Plot Summary (Dunkirk) Dunkirk

The film tells the evacuation of Dunkirk through three interwoven timelines running at different speeds — land (one week), sea (one day), air (one hour) — that converge at the climax. Christopher Nolan described his structural ambition:

"I wound up fragmenting the story into three different story lines that braid together, and broadly speaking that's land, sea and air." — Christopher Nolan, NPR (2017)

The Mole — one week on the beach

Tommy, a young British private, flees through the streets of Dunkirk as German leaflets fall around him. His unit is killed. He reaches the beach, where hundreds of thousands of soldiers wait in orderly lines stretching down to the water. He meets Gibson, a silent soldier burying a body in the sand.

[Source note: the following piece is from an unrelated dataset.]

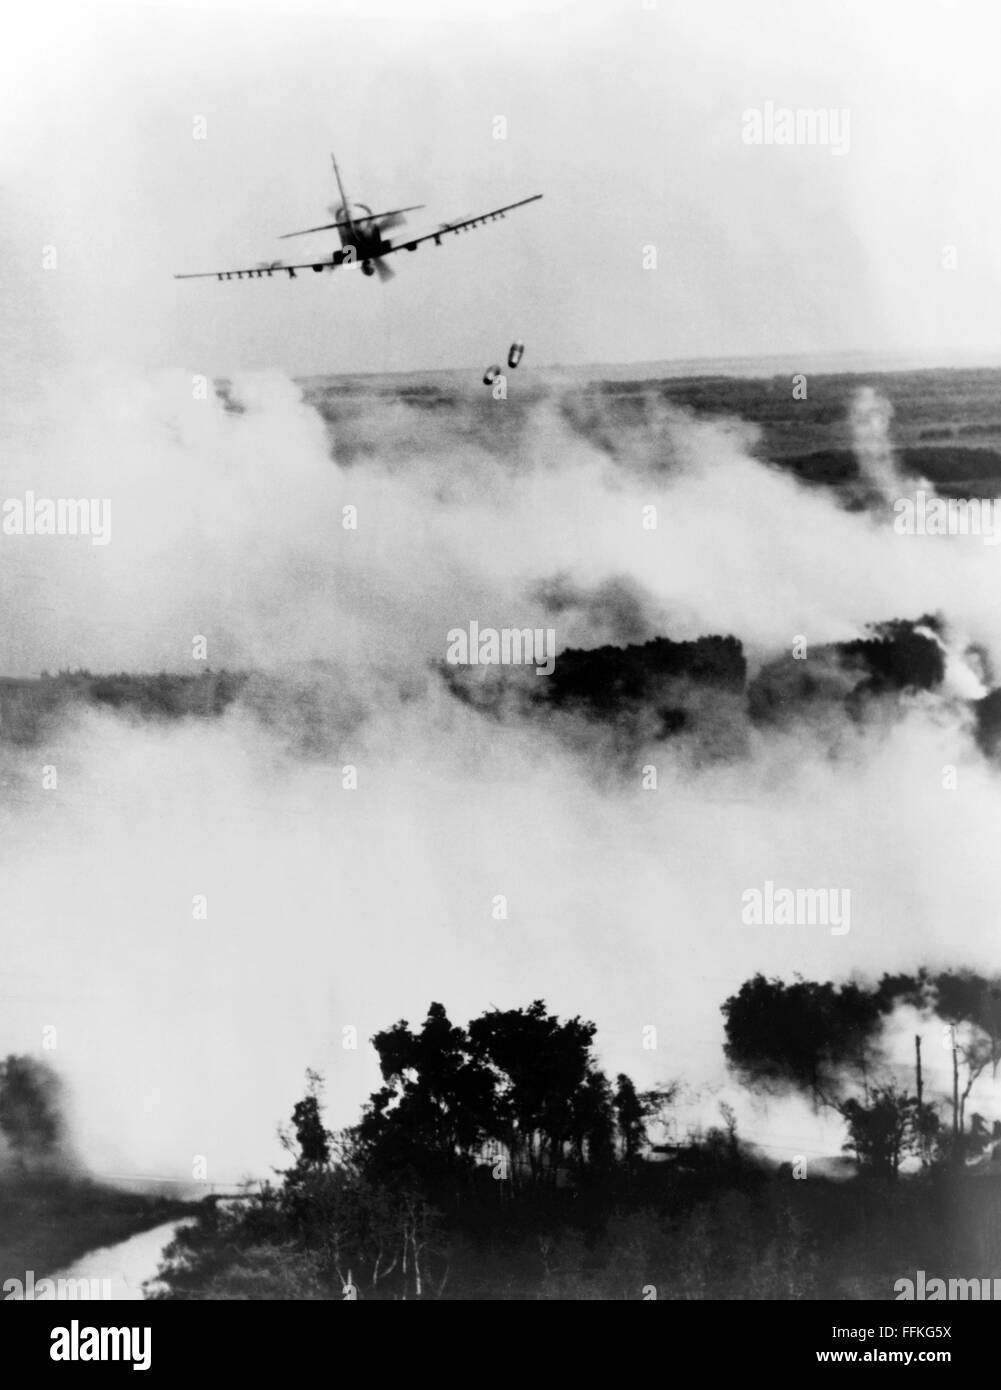 Vietnam-Krieg. Vietnamesischen Luftwaffe A-1E Skyraider Bombardierung ein Vietcong-Versteck in der Nähe von Cantho, Südvietnam während des Vietnam-Krieges. Foto c.1967 USAF. Stockfoto

Tommy and Gibson carry a wounded man on a stretcher to a hospital ship at the mole — the long stone breakwater that serves as the only viable embarkation point. Commander Bolton and Colonel Winnant oversee the evacuation from the mole's end, watching the queues and counting ships. A Luftwaffe bombing run sinks the hospital ship; Tommy and Gibson survive by hiding beneath the pier.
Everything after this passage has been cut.